Brad Brownell kept his job.

Such is the disparate state of affairs at Clemson, where relevance comes with a complicated definition. Not that the Tigers are unique. Plenty of basketball programs across the country are fighting for air space and attention on their own campuses, dwarfed by the mighty shadow of the pigskin.

But this season the contrast is especially stark at Clemson. While Swinney basked in the after glory of that title, Brownell endured the scorch of the hot seat, keeping his gig only after athletic director Dan Radakovich put out a statement that included this sentiment: “We expect Brad to make changes in the program to better position us for success.’’

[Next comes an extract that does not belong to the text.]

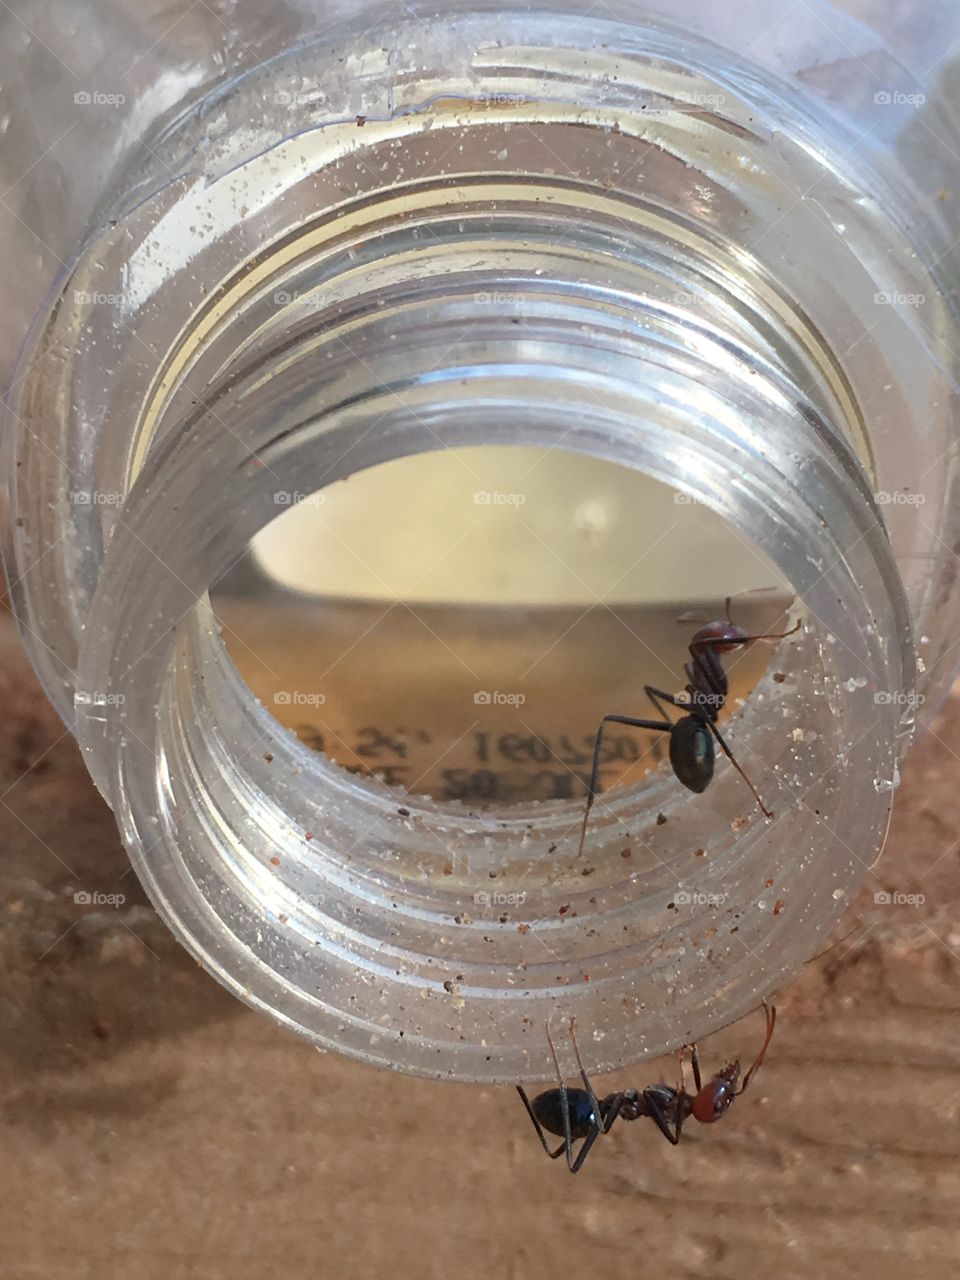 Worker ant large Australian crawling on inside rim of glass jar cream tones

David Allio/Icon SportswireBrad Brownell will be looking to lead Clemson to its first NCAA tournament appearance in seven seasons.

That meant buh-bye to Brownell’s longtime right-hand man, Mike Winiecki, who had served Brownell for some 14 years, and a still-to-be-determined change in philosophy for Clemson. Brownell said he intends to employ the use of a sports psychologist and work to better the Tigers defensively.

The real goal is to simply win more games. Clemson finished 17-16 overall and 6-12 in the ACC last season, and while five of those losses came by three points or fewer, they still go down on the wrong side of the ledger. And that was with Jaron Blossomgame on the court. Failing to ride Blossomgame’s talent to an NCAA berth ranked as one of the reasons Brownell found himself the subject of dismissal rumors.

Now he tries to forge ahead and claim that elusive NCAA bid for the first time since 2011 without Blossomgame and sharpshooting Avry Holmes. There are places to turn, as Brownell has made heavy use of the transfer market.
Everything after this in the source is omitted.